### Loading the Prot2Vec Model and Dataset

In [16]:
import pandas as pd
import numpy as np
from gensim.models import Word2Vec

In [17]:
prot2vec = Word2Vec.load("prot2vec.model")

In [18]:
df = pd.read_csv("Downloads/CPI_Data.csv")

df.head()

Unnamed: 0,SMILES,Protein Sequence,Target Name,Binding Label,3-gram tokens,SMILES Tokens,Molecular Graph
0,Fc1ccc2nc3CCCCc3c(NCCCCCC(=O)NCCc3c[nH]c4ccccc...,MRPPQCLLHTPSLASPLLLLLLWLLGGGVGAEGREDAELLVTVRGG...,Acetylcholinesterase,1,"['MRP', 'RPP', 'PPQ', 'PQC', 'QCL', 'CLL', 'LL...","['F', 'c', '1', 'c', 'c', 'c', '2', 'n', 'c', ...",{'mol': <rdkit.Chem.rdchem.Mol object at 0x000...
1,COc1ccc2[nH]cc(CCNC(=O)CCCCCNc3c4CCCCc4nc4cccc...,MRPPQCLLHTPSLASPLLLLLLWLLGGGVGAEGREDAELLVTVRGG...,Acetylcholinesterase,1,"['MRP', 'RPP', 'PPQ', 'PQC', 'QCL', 'CLL', 'LL...","['C', 'O', 'c', '1', 'c', 'c', 'c', '2', '[nH]...",{'mol': <rdkit.Chem.rdchem.Mol object at 0x000...
2,S=C(CCCCCCCNc1c2CCCCc2nc2ccccc12)NCCc1c[nH]c2c...,MRPPQCLLHTPSLASPLLLLLLWLLGGGVGAEGREDAELLVTVRGG...,Acetylcholinesterase,1,"['MRP', 'RPP', 'PPQ', 'PQC', 'QCL', 'CLL', 'LL...","['S', '=', 'C', '(', 'C', 'C', 'C', 'C', 'C', ...",{'mol': <rdkit.Chem.rdchem.Mol object at 0x000...
3,Clc1cc(Cl)c2c(NCCCCCCC(=O)NCCc3c[nH]c4ccccc34)...,MRPPQCLLHTPSLASPLLLLLLWLLGGGVGAEGREDAELLVTVRGG...,Acetylcholinesterase,1,"['MRP', 'RPP', 'PPQ', 'PQC', 'QCL', 'CLL', 'LL...","['Cl', 'c', '1', 'c', 'c', '(', 'Cl', ')', 'c'...",{'mol': <rdkit.Chem.rdchem.Mol object at 0x000...
4,O=C(CCCCCCNc1c2CCCCc2nc2ccccc12)NCCc1c[nH]c2cc...,MRPPQCLLHTPSLASPLLLLLLWLLGGGVGAEGREDAELLVTVRGG...,Acetylcholinesterase,1,"['MRP', 'RPP', 'PPQ', 'PQC', 'QCL', 'CLL', 'LL...","['O', '=', 'C', '(', 'C', 'C', 'C', 'C', 'C', ...",{'mol': <rdkit.Chem.rdchem.Mol object at 0x000...


**parse_3grams(x):** This converts the string representation of our 3-gram lists back into actual Python lists.

**grams_to_prot2vec(...):** This  looks up each 3-gram in our Prot2Vec "dictionary" and gets its vector.

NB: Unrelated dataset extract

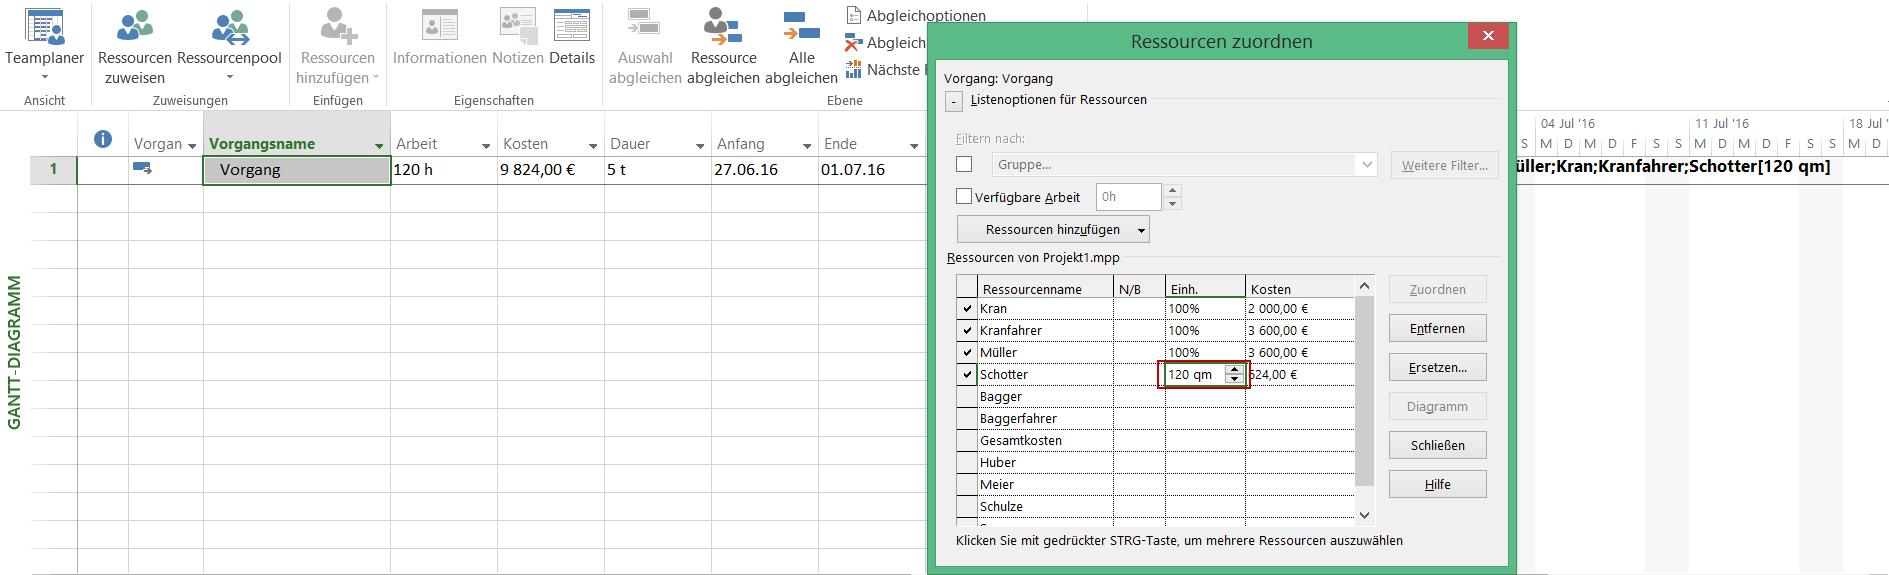 Ressourcenplanung mit Microsoft Project

It then takes the mean (average) of all vectors in a sequence to create one single, fixed-length representation for the whole protein.

In [19]:
import ast

def parse_3grams(x):
    return ast.literal_eval(x)

In [20]:
def grams_to_prot2vec(grams, model):
    vectors = [model.wv[g] for g in grams if g in model.wv]
    if len(vectors) == 0:
        return np.zeros(model.vector_size)
    return np.mean(vectors, axis=0)

In [21]:
protein_vectors = np.vstack(
    df["3-gram tokens"]
      .apply(parse_3grams)
      .apply(lambda g: grams_to_prot2vec(g, prot2vec))
)

**prot_cols:** We name each of the columns (e.g., prot2vec_0, prot2vec_1, etc.) based on the vector size we defined earlier.

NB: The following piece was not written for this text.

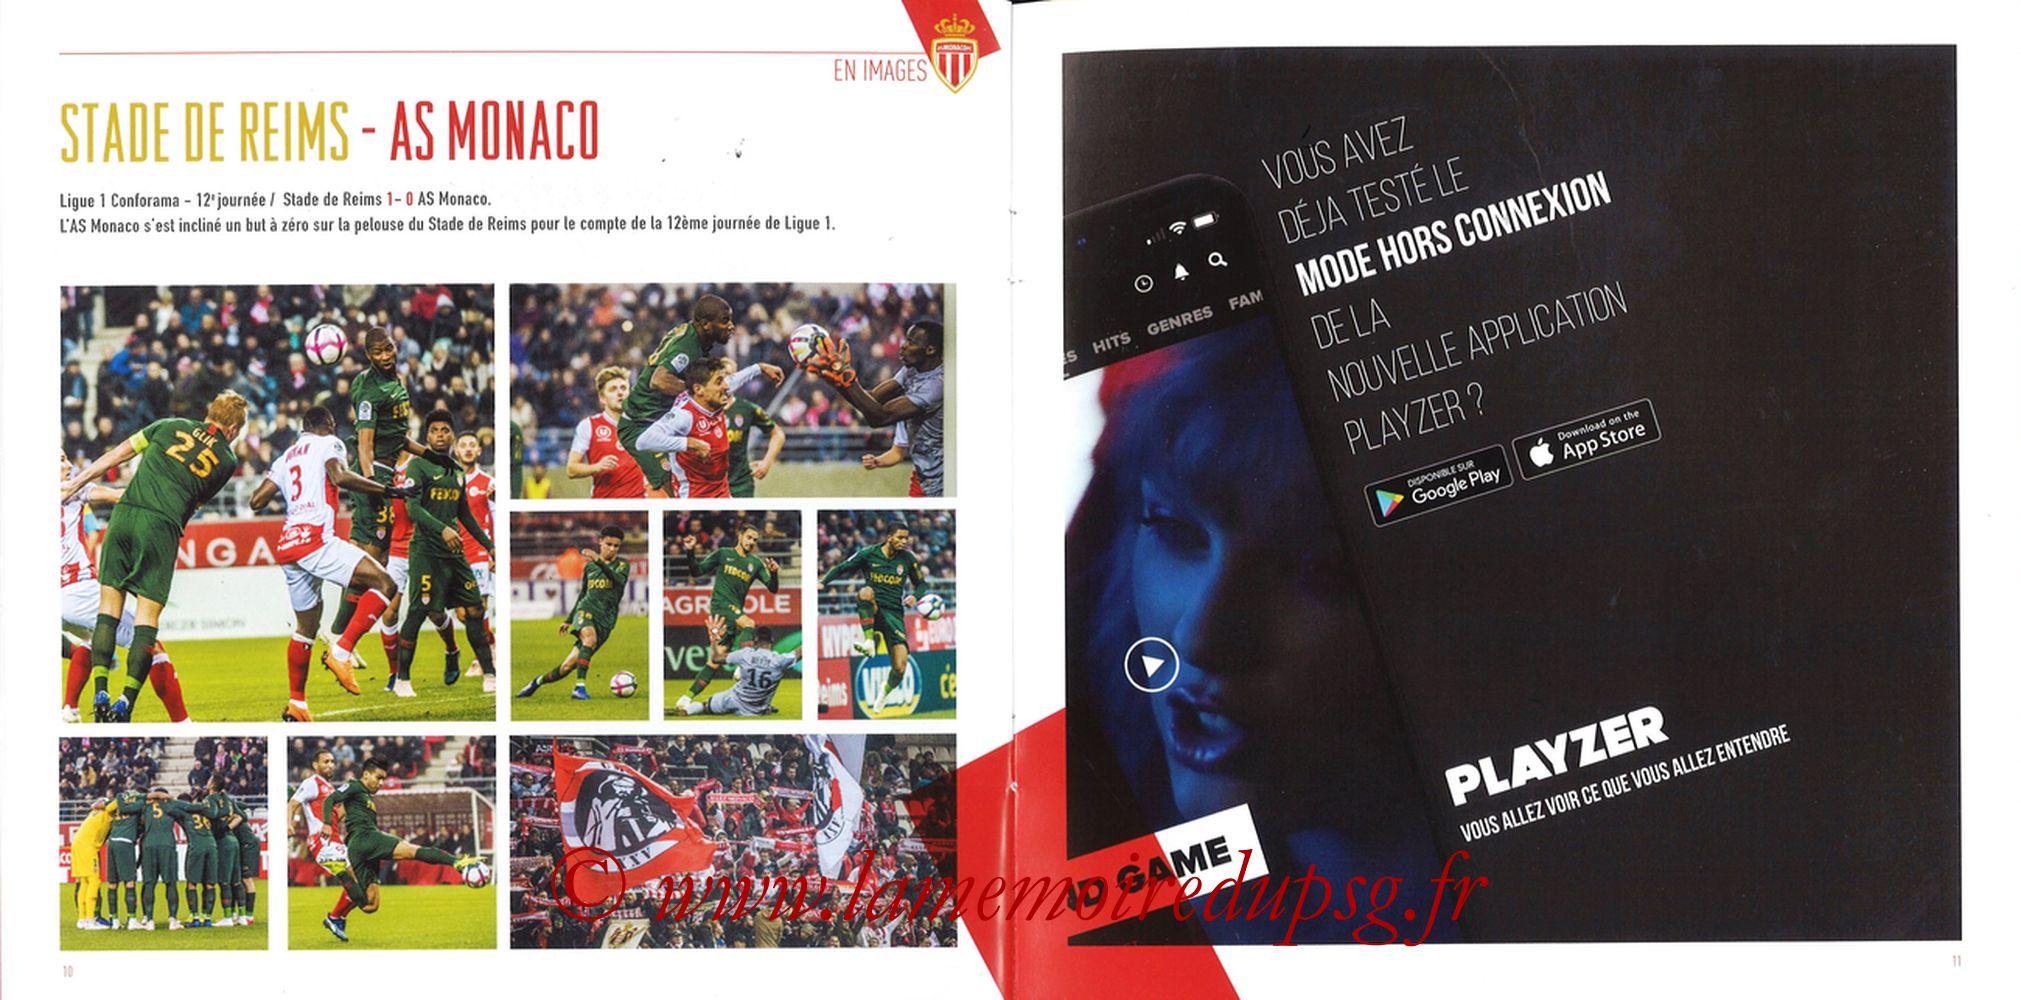 2018-11-11  Monaco-PSG (13ème L1, Programme officiel) - Pages 10 et 11

**pd.DataFrame(...):** This puts our protein vectors into a table format that matches our original dataset.

In [22]:
prot_cols = [f"prot2vec_{i}" for i in range(prot2vec.vector_size)]
prot_df = pd.DataFrame(protein_vectors, columns=prot_cols)

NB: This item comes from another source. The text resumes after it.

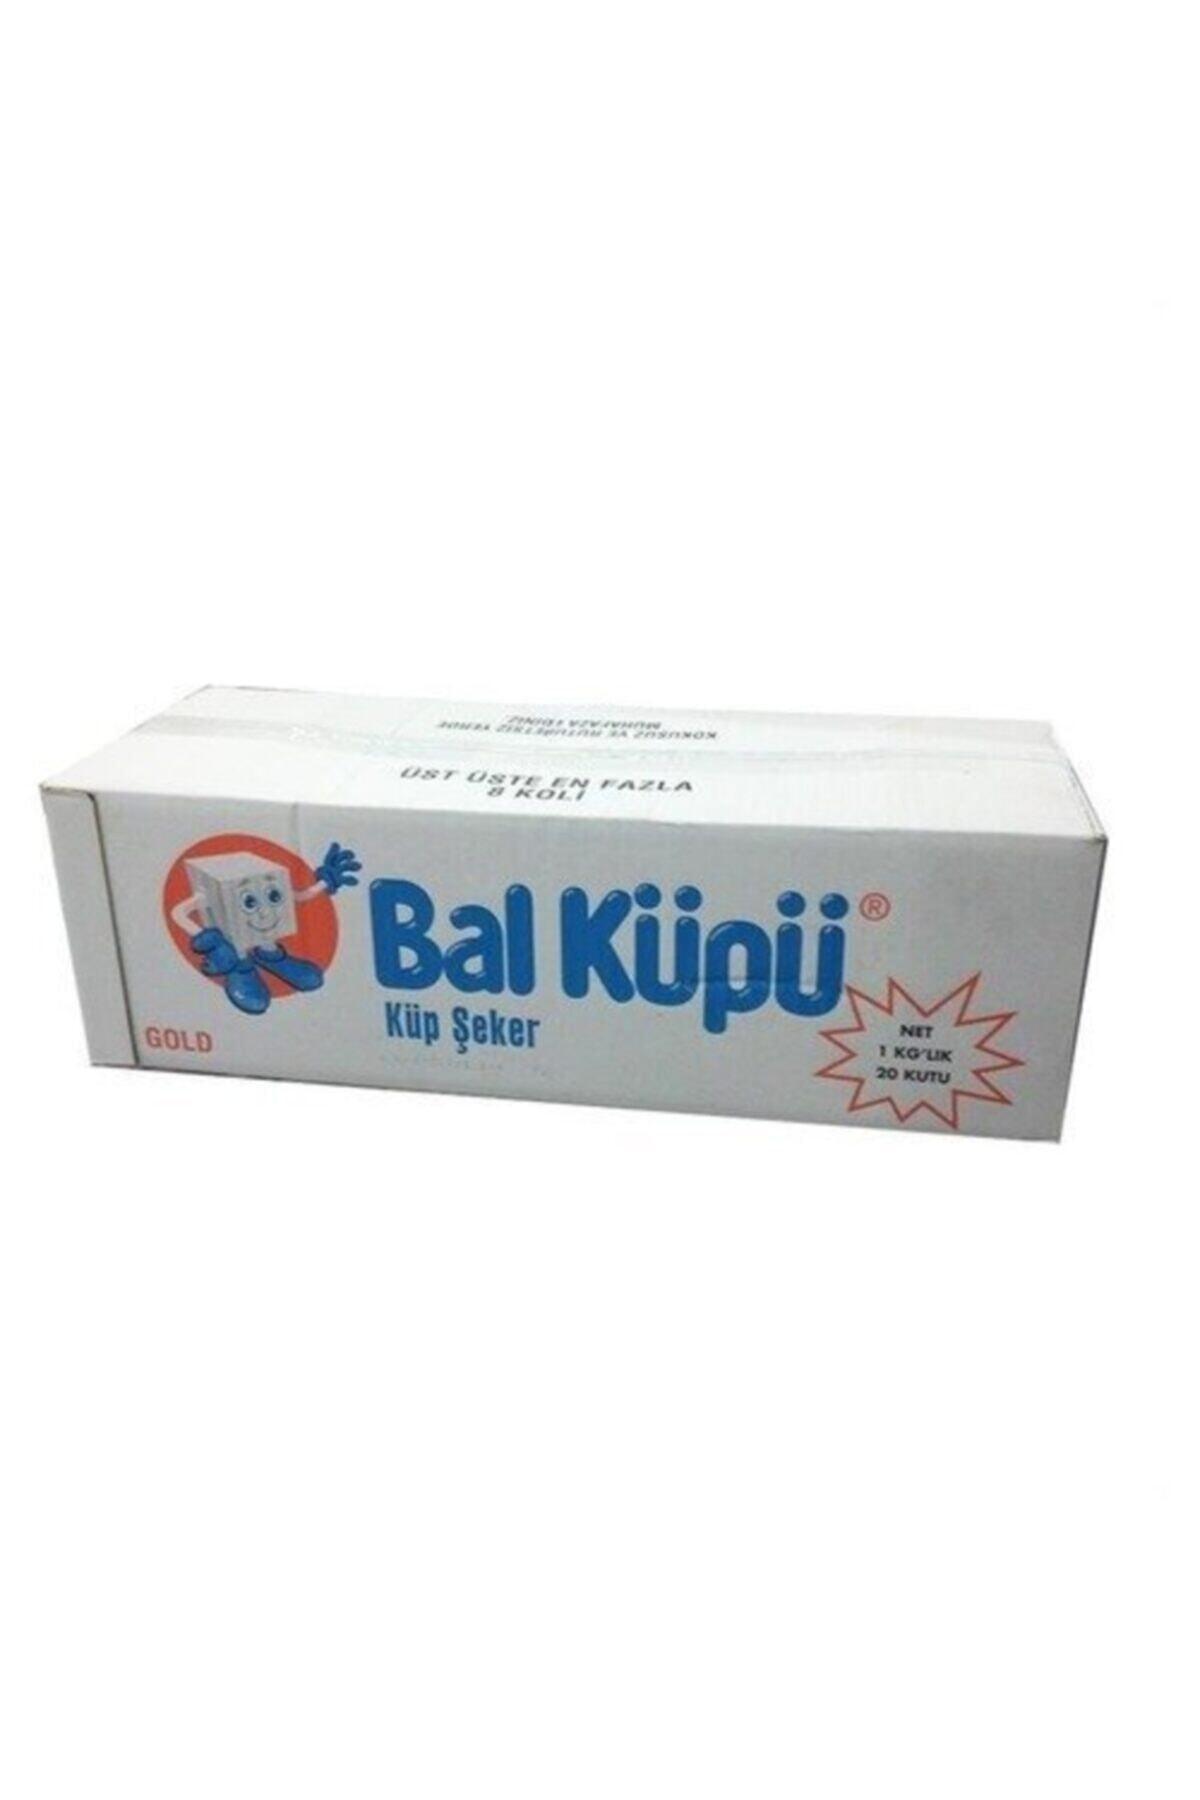 Bal Küpü Balküpü Küp Kesme Şeker 1 Kg 20 Adet 2

Organizing the data this way makes it easy to "fuse" these protein features with the compound features (from MolBERT and GAT) during the training of the final Mnemosyne model.

In [24]:
prot_df.to_csv("Prot2Vec.csv", index=False)

Finally, we save the extracted features to a CSV file named Prot2Vec.csv.